■ WHAT TO PRODUCE ■
Only one stretch of the data below is needed. Output the lines from the one with "Gossip Chat with Vidu Dissanayake" up to and including the one with "Jeans Co. Kingston", exactly as they stand.
### RECORDS ###
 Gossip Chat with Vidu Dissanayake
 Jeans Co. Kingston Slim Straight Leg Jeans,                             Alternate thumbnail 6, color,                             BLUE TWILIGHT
###
### RECORDS ###
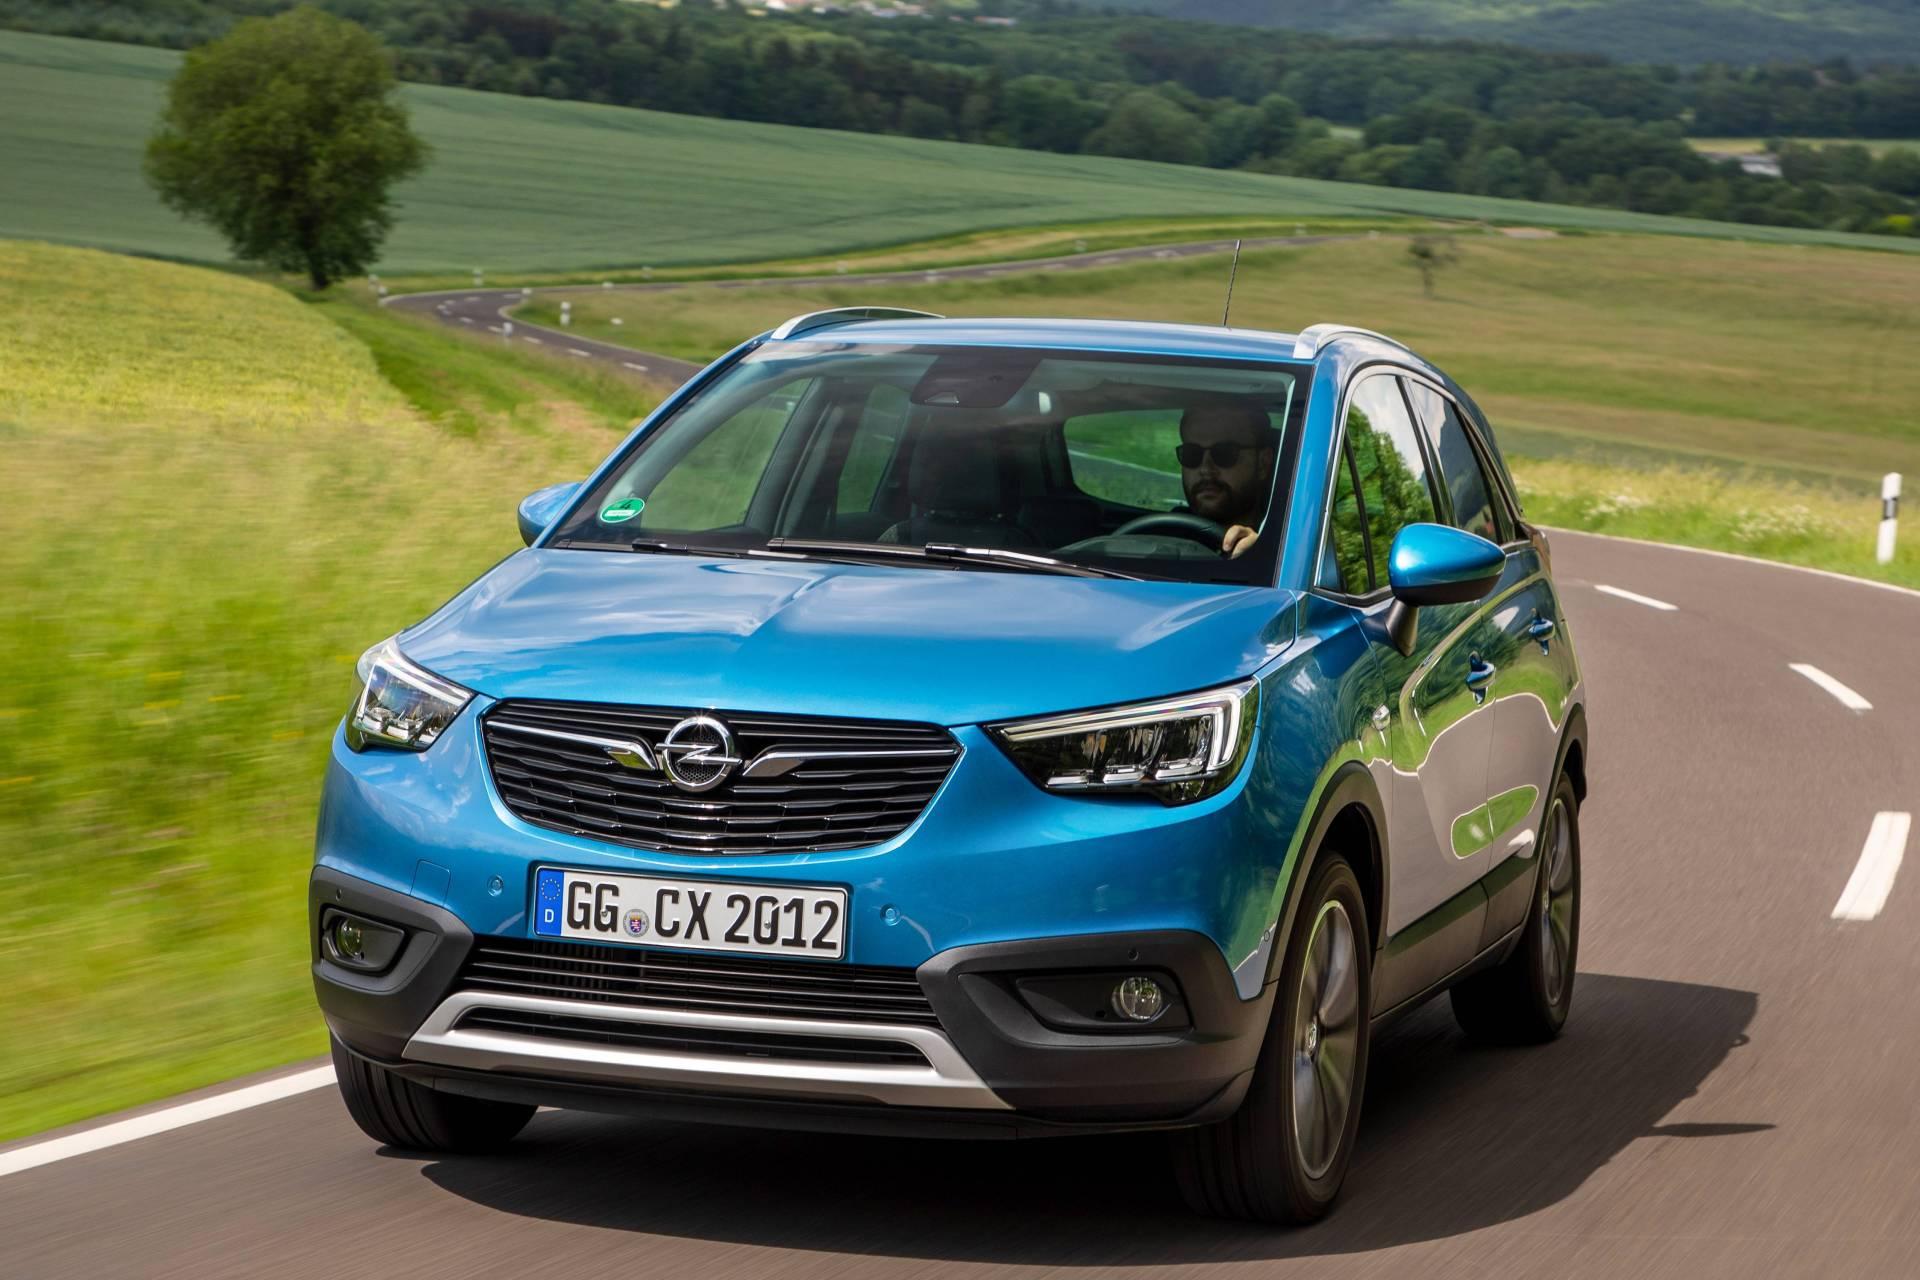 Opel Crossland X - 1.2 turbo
###
### RECORDS ###
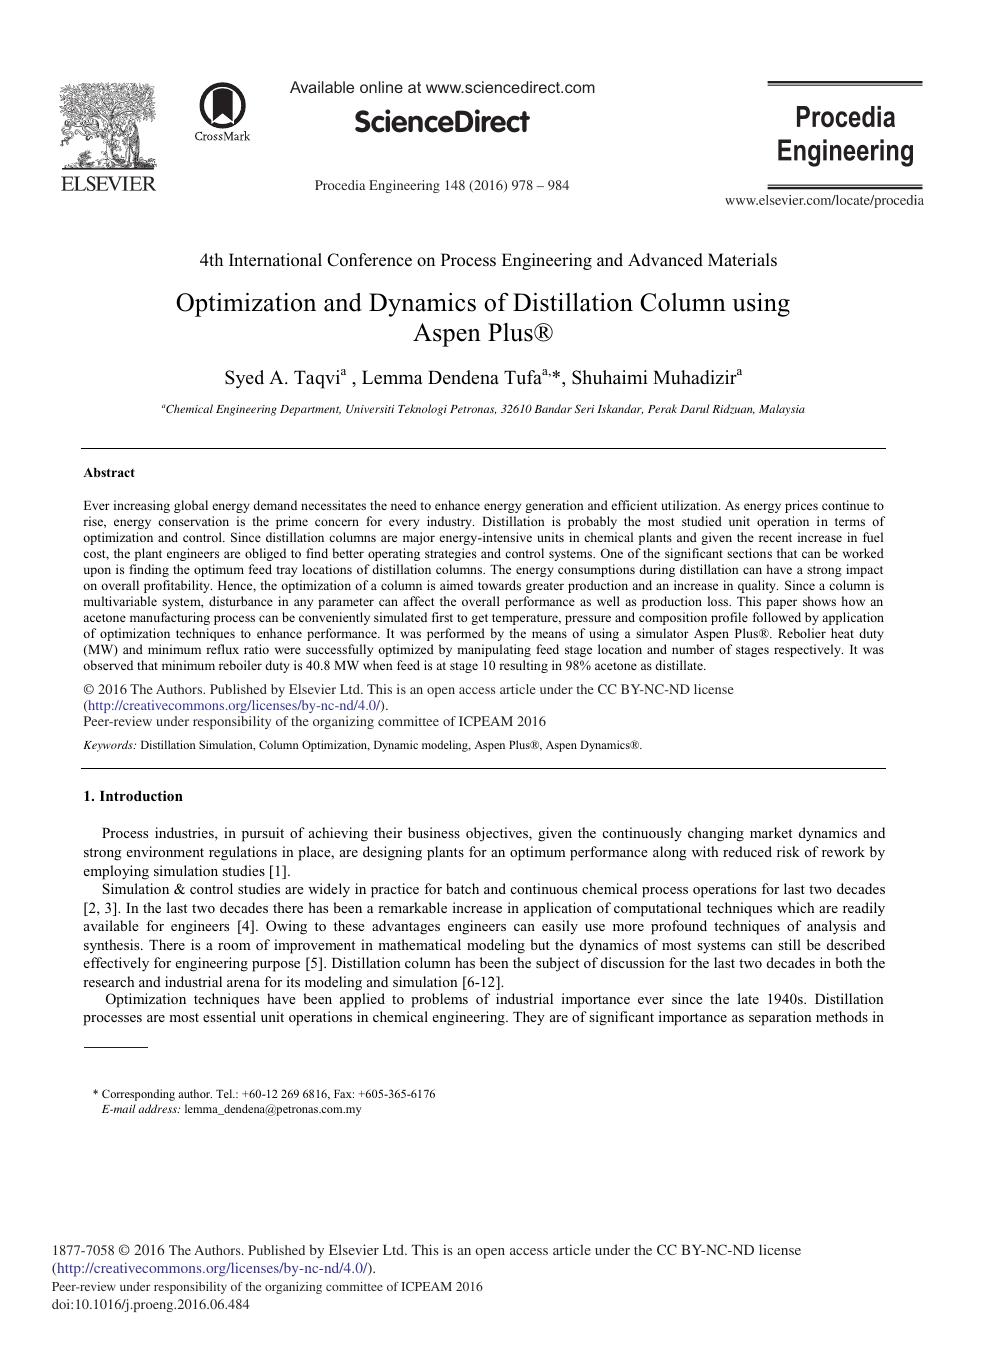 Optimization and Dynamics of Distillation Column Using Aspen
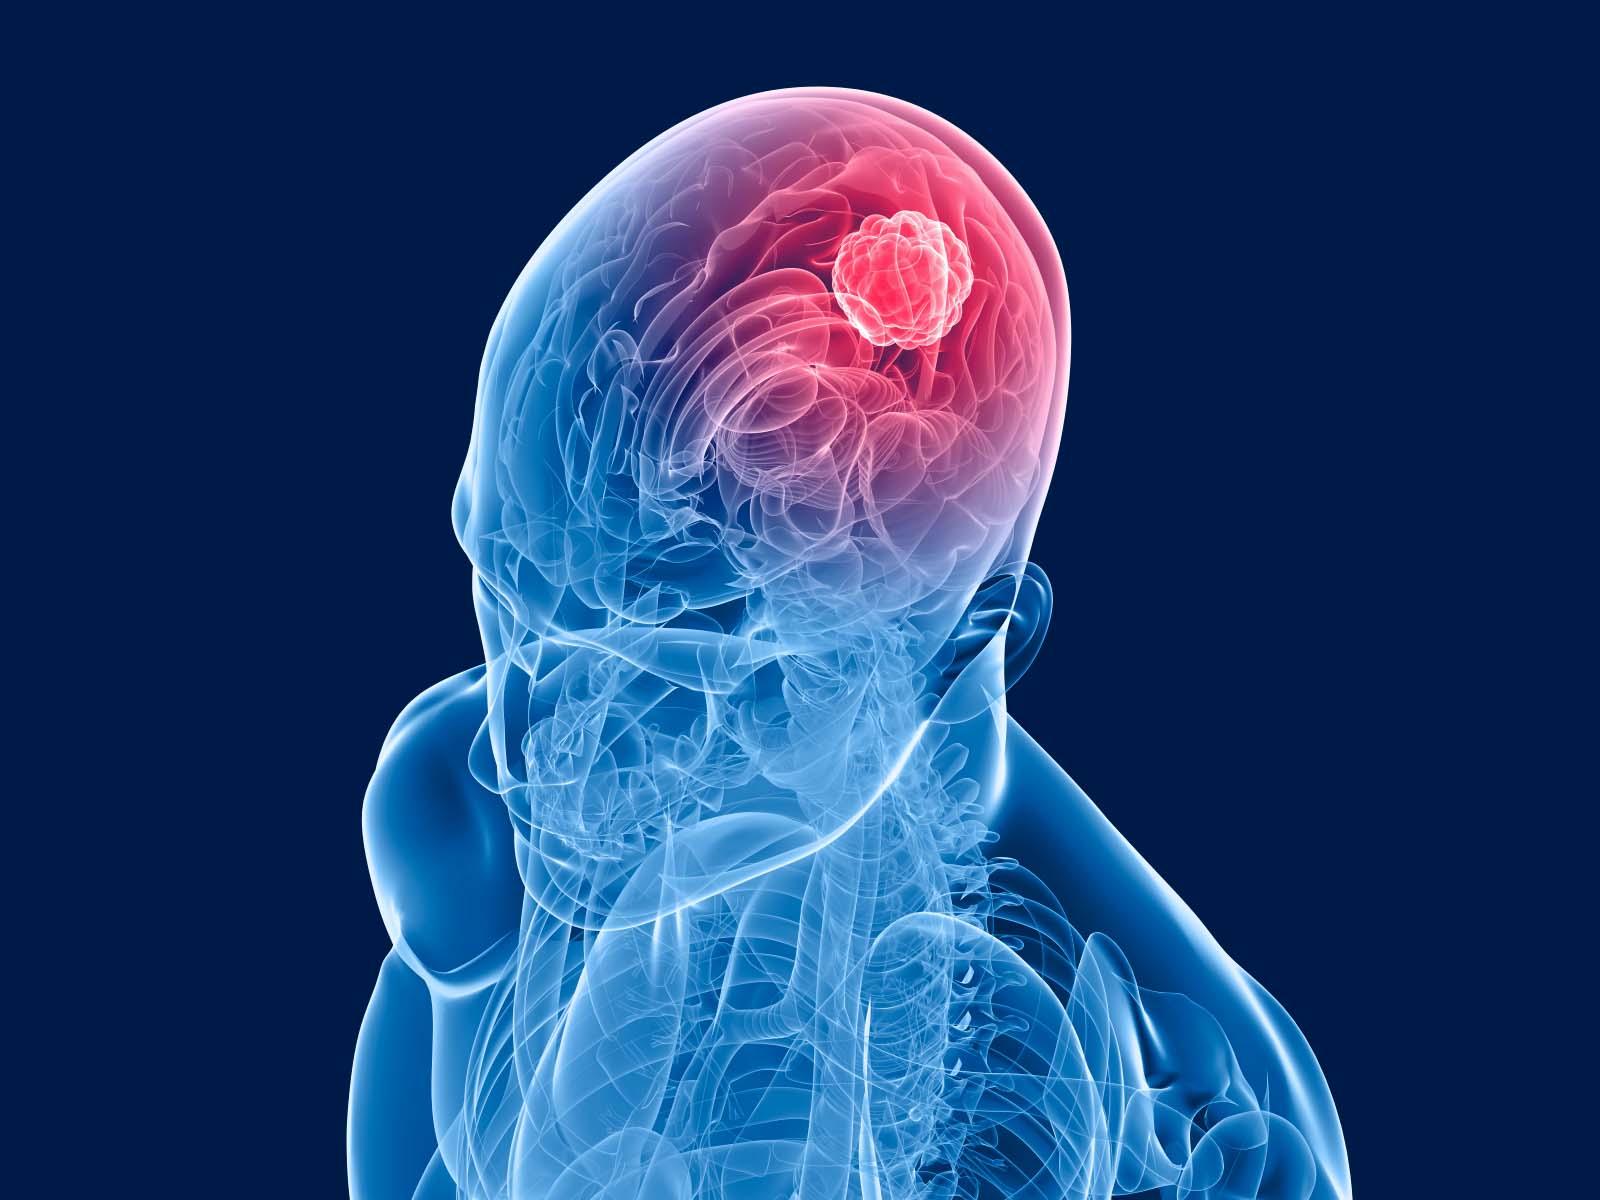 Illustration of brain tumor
###
■ OUTPUT FOR THIS EXERCISE ■
 Gossip Chat with Vidu Dissanayake
 Jeans Co. Kingston Slim Straight Leg Jeans,                             Alternate thumbnail 6, color,                             BLUE TWILIGHT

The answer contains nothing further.